The Meta-game

Courtesy Indie Board & Card Games

If you’ve thrown polyhedral dice to slay monsters around a table with friends in a role-playing game, chances are you’re familiar with the term “meta-gaming”. It means using knowledge from outside of the game to benefit you or justify a decision. If your character is a pilgrim from the backwoods who’s never seen a city, and you begin talking about Parliamentary political machinations, that’s meta-gaming. It’s normally frowned upon in role-playing games.

Other games, however, find uses for the meta-game that are less obviously detrimental. The Resistance: Avalon is a lunchtime staple at the dayjob office. With six or more people around the table, the roles are shuffled and distributed as folks wrap up their meals. We’ve played a lot of the game, and we’ve come to learn things about one another as a result. “Player X likes to play slowly,” for example, or “Player Y tends to behave a certain way in a certain role.” Knowing this meta-game exists, players can work actively against it, making the game just as much about reading people and deduction of the situation as it is about which player likes to pull a fast one on his buddies on a regular basis.
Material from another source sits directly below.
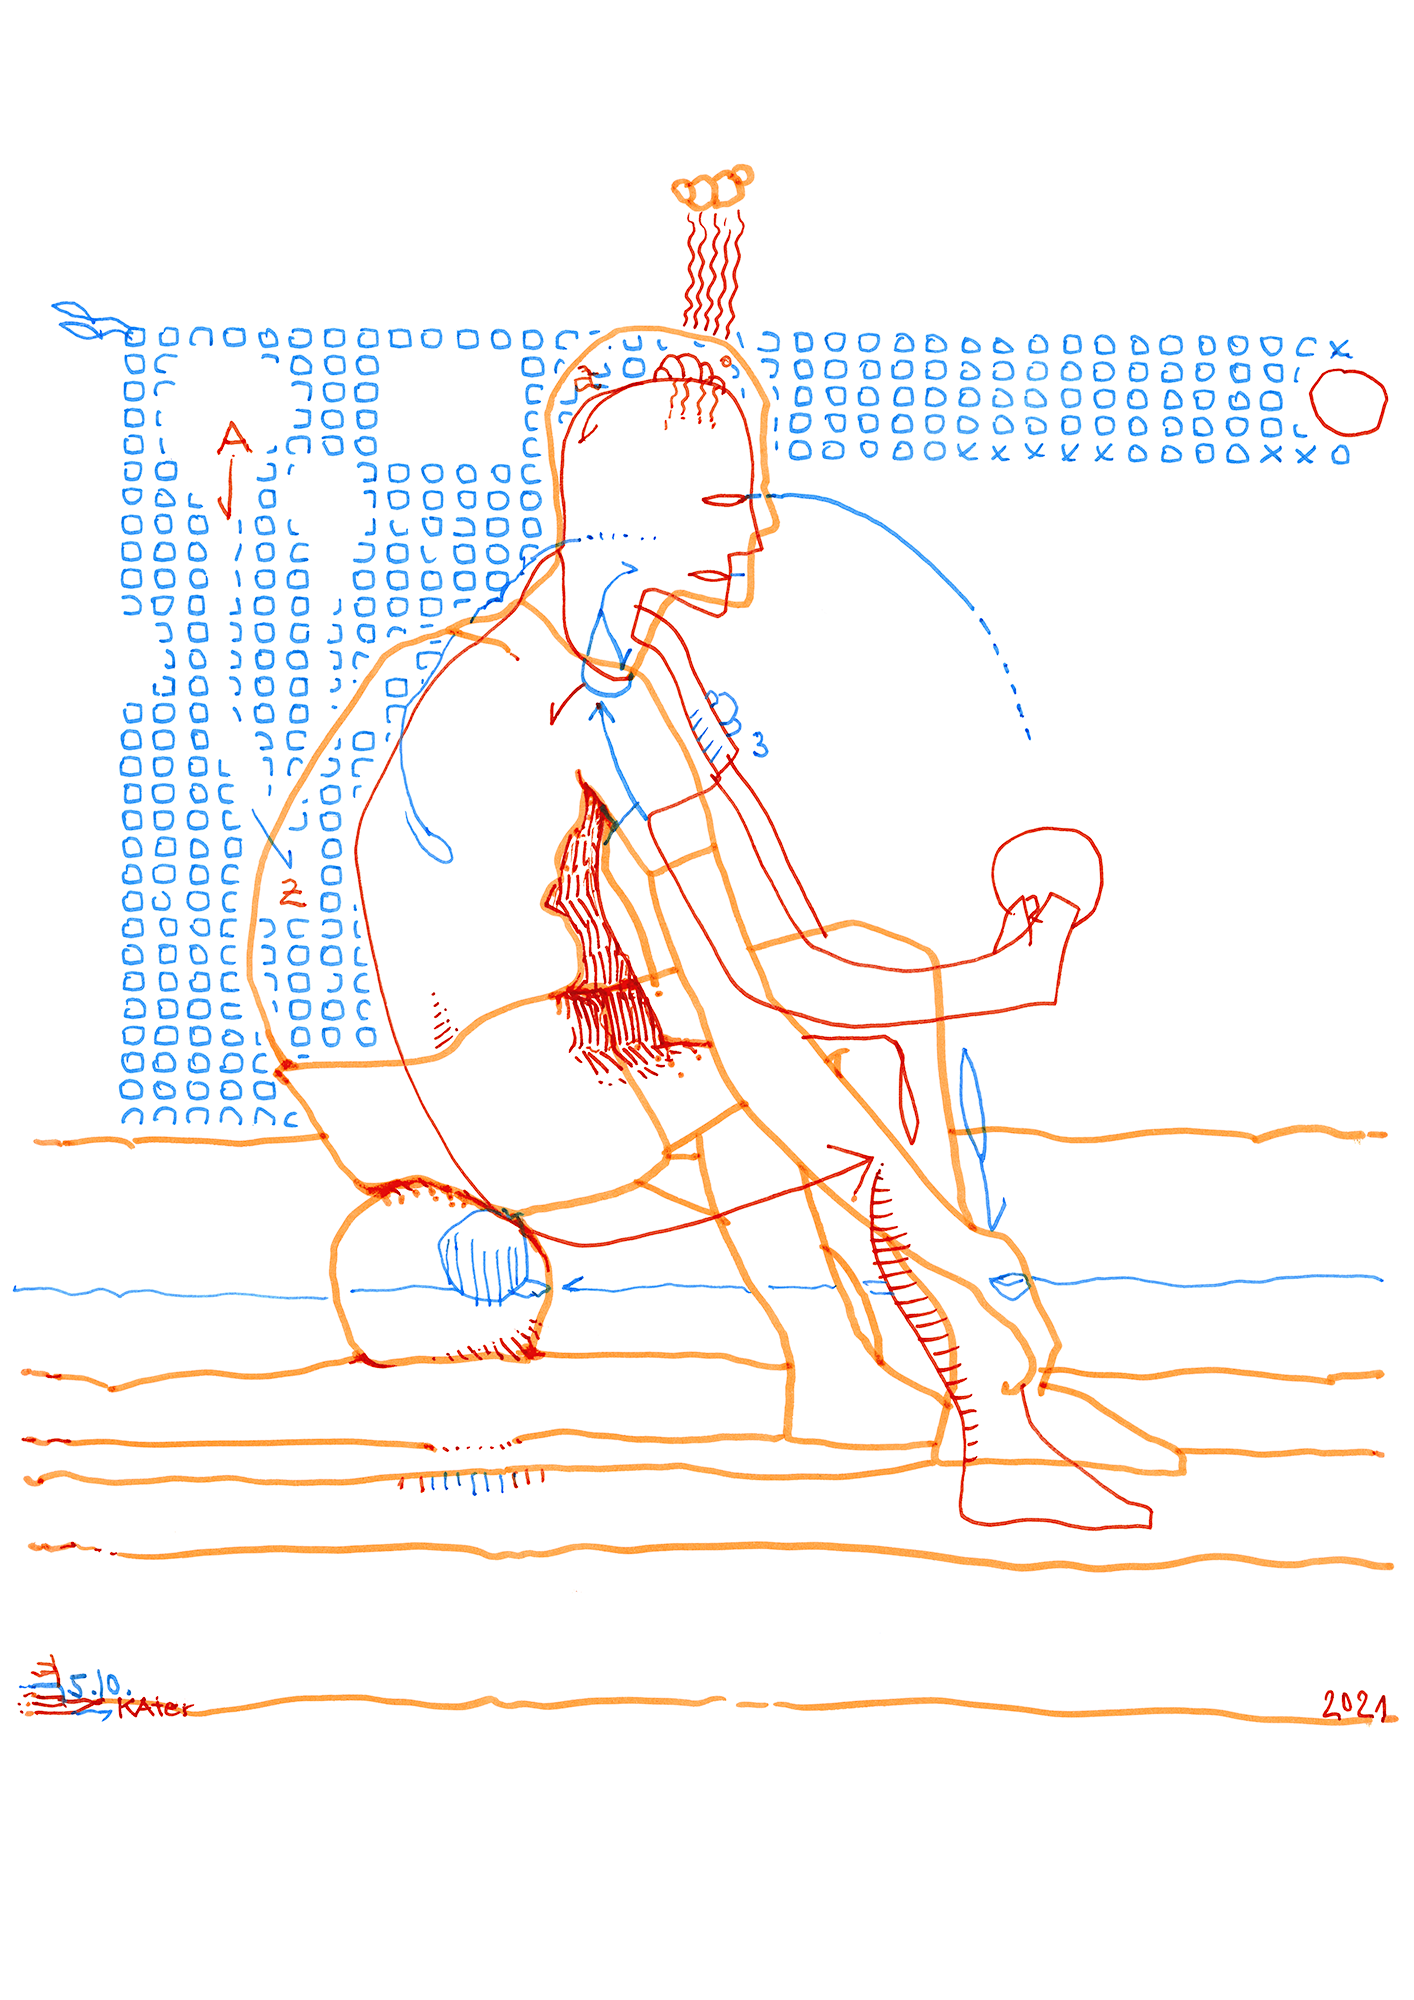 Hannes Kater: Tageszeichnung (Zeichnung/drawing) vom 05.10.2021 (1414 x 2000 Pixel)

I’ve certainly played enough of Avalon to give it the full review treatment, but until I do, I’m wondering what other games can benefit from meta-knowledge. Can you think of any examples?

1 Comment

  1. Magic is the most obvious example, but Hanabi’s metagame is more interesting to discuss (since it hasn’t already been done into the ground): Building play conventions with other players without ever discussing them is amazing and that silent rapport is a big part of improving at Hanabi, as well as enjoying it.